In the context of drone delivery, ensuring precise and obstacle-free navigation remains a critical challenge. Cameras, though effective in specific scenarios, encounter drawbacks such as reduced visibility during bad weather or in low-light conditions. Unlike stereo cameras, monocular cameras face challenges when it comes to accurately perceiving complex 3D environments. Additionally, the challenge lies in classifying all potential obstacles within the environment—ranging from trees and power lines to streetlight poles and other drones. The finite dataset upon which obstacle detection operates cannot encompass every object present. However, 3D data circumvents the need to recognize individual objects, focusing instead on their positions and velocities relative to the drone. This information empowers an unsupervised optimization of the obstacle avoidance system, enhancing operational efficiency.

Abstract

This project dives into practical point cloud analysis using the KITTI dataset. We first use Open3D for visualization and employ Voxel Grid for downsampling. We then apply the RANSAC algorithm to segment obstacles from the road surface, enhancing scene understanding. Utilizing DBSCAN clustering, we cluster similar obstacles for more accurate spatial insight. To enable tracking, 3D bounding boxes are created around each obstacle. Finally, we employ surface reconstruction on a custom point cloud generated by an iPhone's LiDAR. The objective of this project was to demonstrate the application of Machine Learning algorithms for processing point cloud data in 3D space.

Plan of Action

  1. Understanding LiDARs
  2. Point Cloud Processing
  3. Downsampling with Voxel Grid
  4. Segmentation with RANSAC
  5. Clustering with DBSCAN
  6. 3D Bounding Box with PCA
  7. Surface Reconstruction

1. Understanding LiDARs

1.1 What is a LiDAR?

LiDAR stands for Light Detection And Ranging. It is a active remote sensing technology that uses laser pulses to measure distances and create precise 3D representations of objects and environments. Note that an active system generates its own energy, in this case, light, to measure objects or features on the ground.
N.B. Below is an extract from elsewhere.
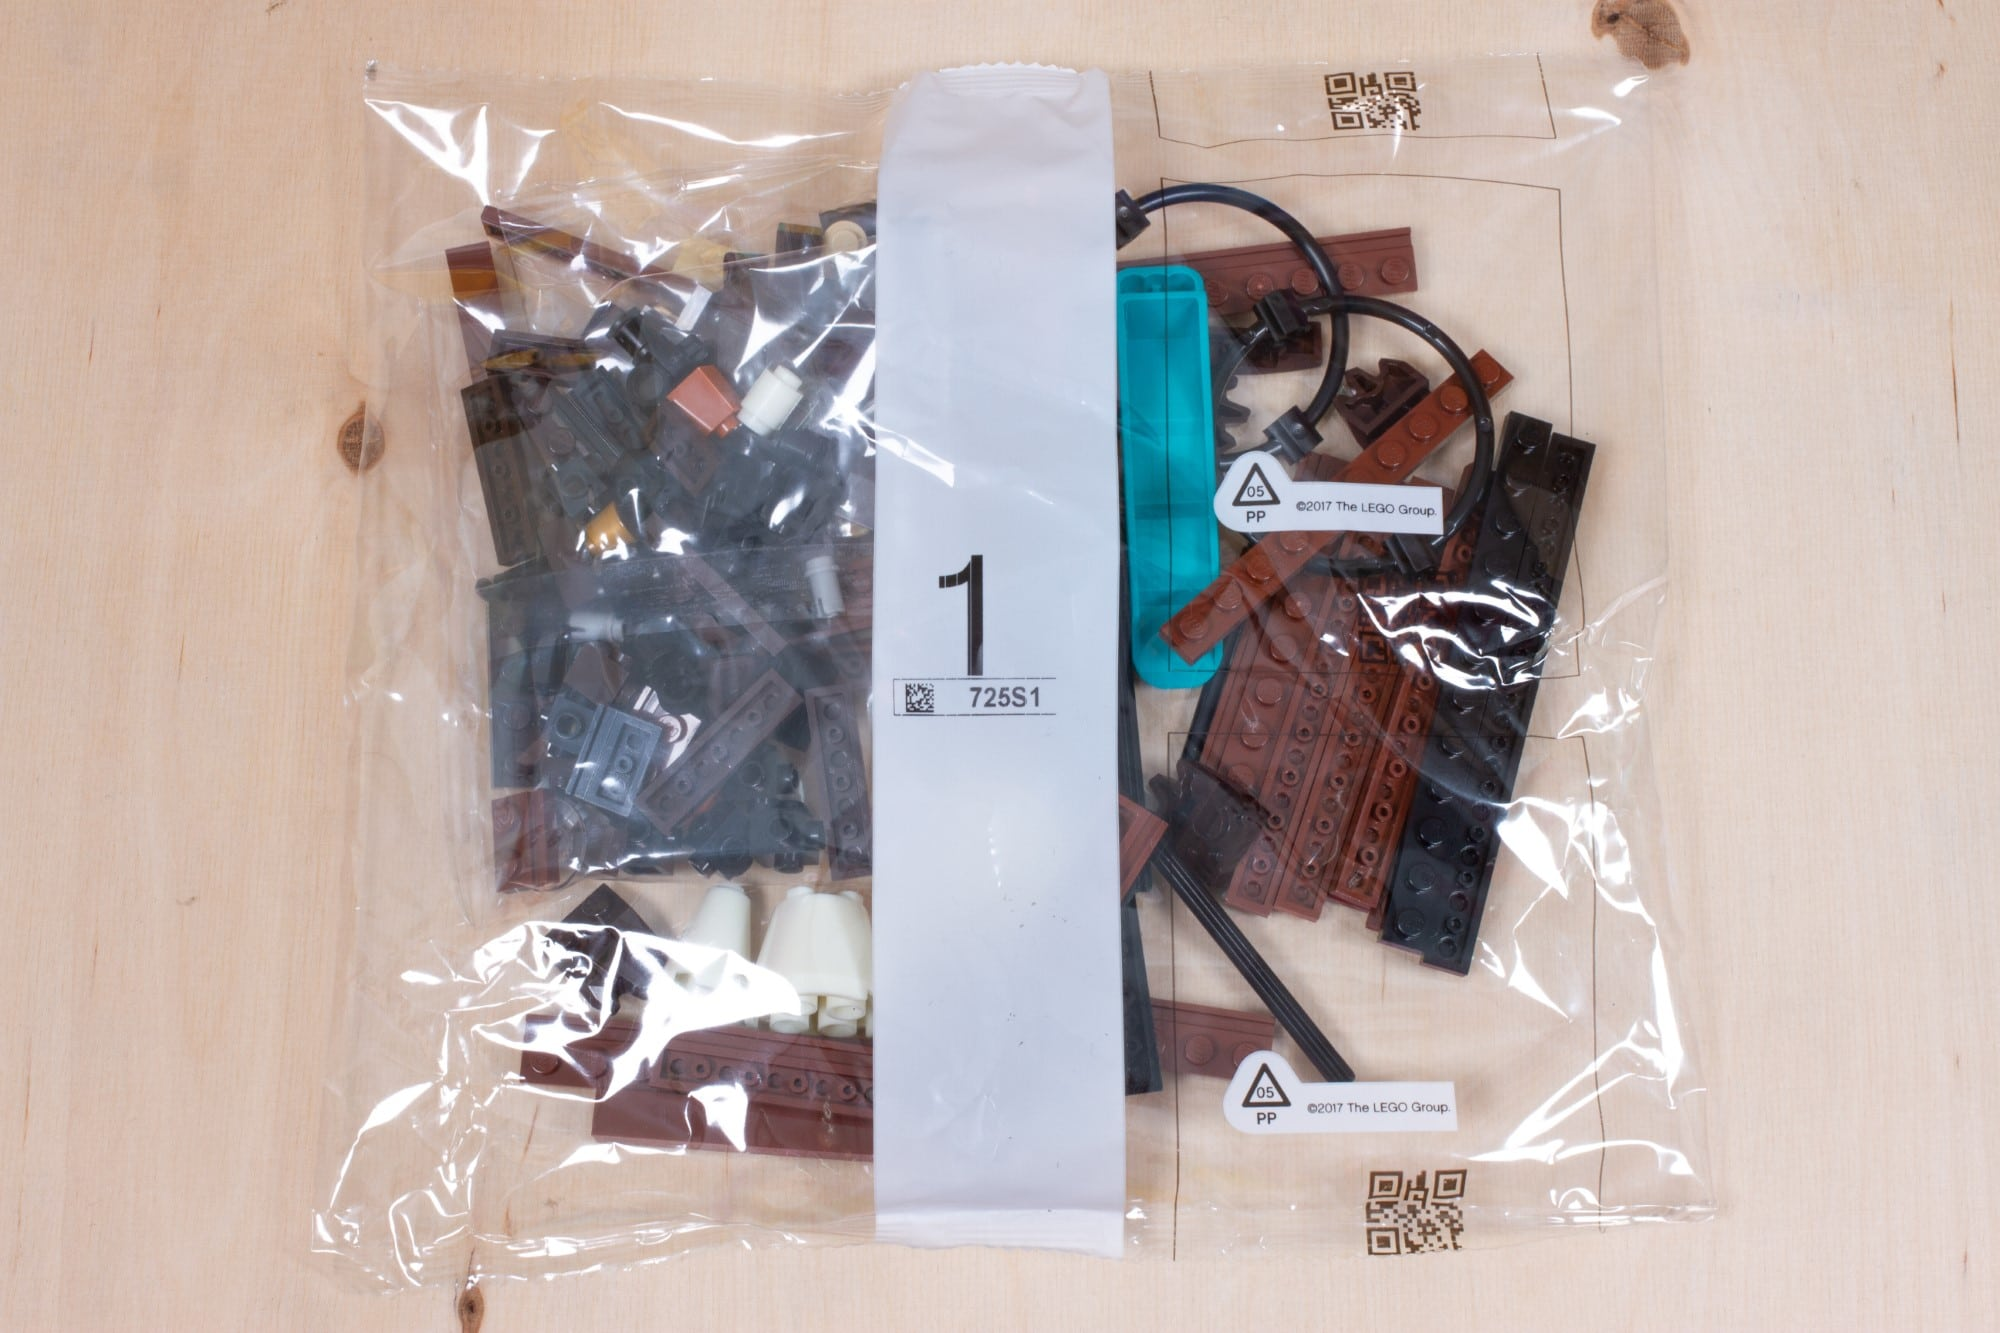 LEGO 76391 Hogwarts Icons Review Unboxing 1 Schritt 1

By emitting laser beams and measuring their reflections, LiDAR captures detailed spatial data, making it valuable in various fields like mapping, environmental monitoring, forestry, and autonomous vehicle.

1.2 How LiDAR works?

LiDAR technology operates by emitting short laser pulses toward the target area. These pulses hit surrounding objects and return to the LiDAR sensor. By calculating the time it takes for the pulses to return (time of flight), the system determines the distance to each object with high accuracy. Additionally, LiDAR can measure the intensity of the returned laser light, providing information about the objects' reflectivity or composition.

Distance = (Speed of light x time of flight) / 2

Note that we divide by 2 in the equation because we only want the distance from the object to the lidar.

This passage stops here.